Collective dynamics allow super-organisms to function in ways that a single organism cannot, by virtue of their emergent size, shape, physiology and behaviour2. Classic examples include the physiological and behavioural strategies seen in social insects (for example, ants that link their bodies to form rafts to survive floods3,4,5,6, assemble pulling chains to move food items7, and form bivouacs8 and towers9, as well as bridges and ladders to traverse rough terrain10). Similarly, groups of daddy longlegs’ (order Opiliones) huddle together and emperor penguins cluster together for thermoregulation purposes11. While much is known about the static forms that are seen in such situations, the stability of these forms to dynamic perturbation, and their global adaptation to environmental changes is much less understood.
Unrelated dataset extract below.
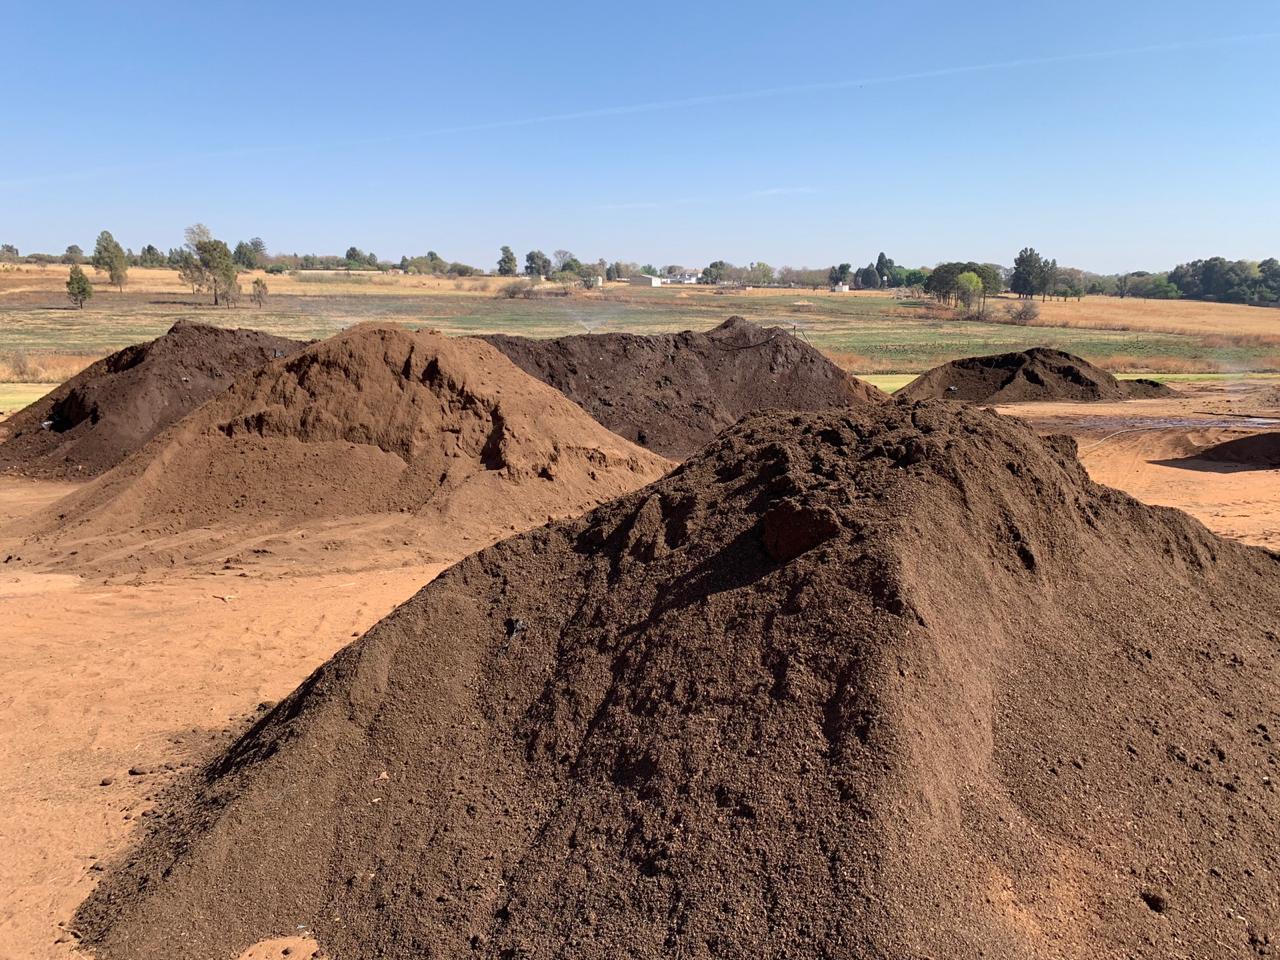 https://ecoturf.co.za/wp-content/uploads/2020/10/EcoTurf-compost.jpg

European honeybees, Apis mellifera L., show many of these collective behaviours during their life cycle1. For example, colonies reproduce through colony fission, a process in which a subset of the colony’s workers and a queen leave the hive, separate from the parent colony and form a cluster on a nearby tree branch1. In these swarm clusters (which we will refer to as clusters), the bees adhere to each other and form a large structure made of ~10,000 individuals and hundreds of times the size of a single organism (Fig. 1a). Generally, this hanging mass of adhered bees takes on the shape of an inverted pendant cone; however, the resultant shape is also influenced by the surface to which the cluster is clinging to (see two different examples in Fig. 1a). The cluster can stay in place for several days as scout bees search the surrounding area for suitable nest sites1.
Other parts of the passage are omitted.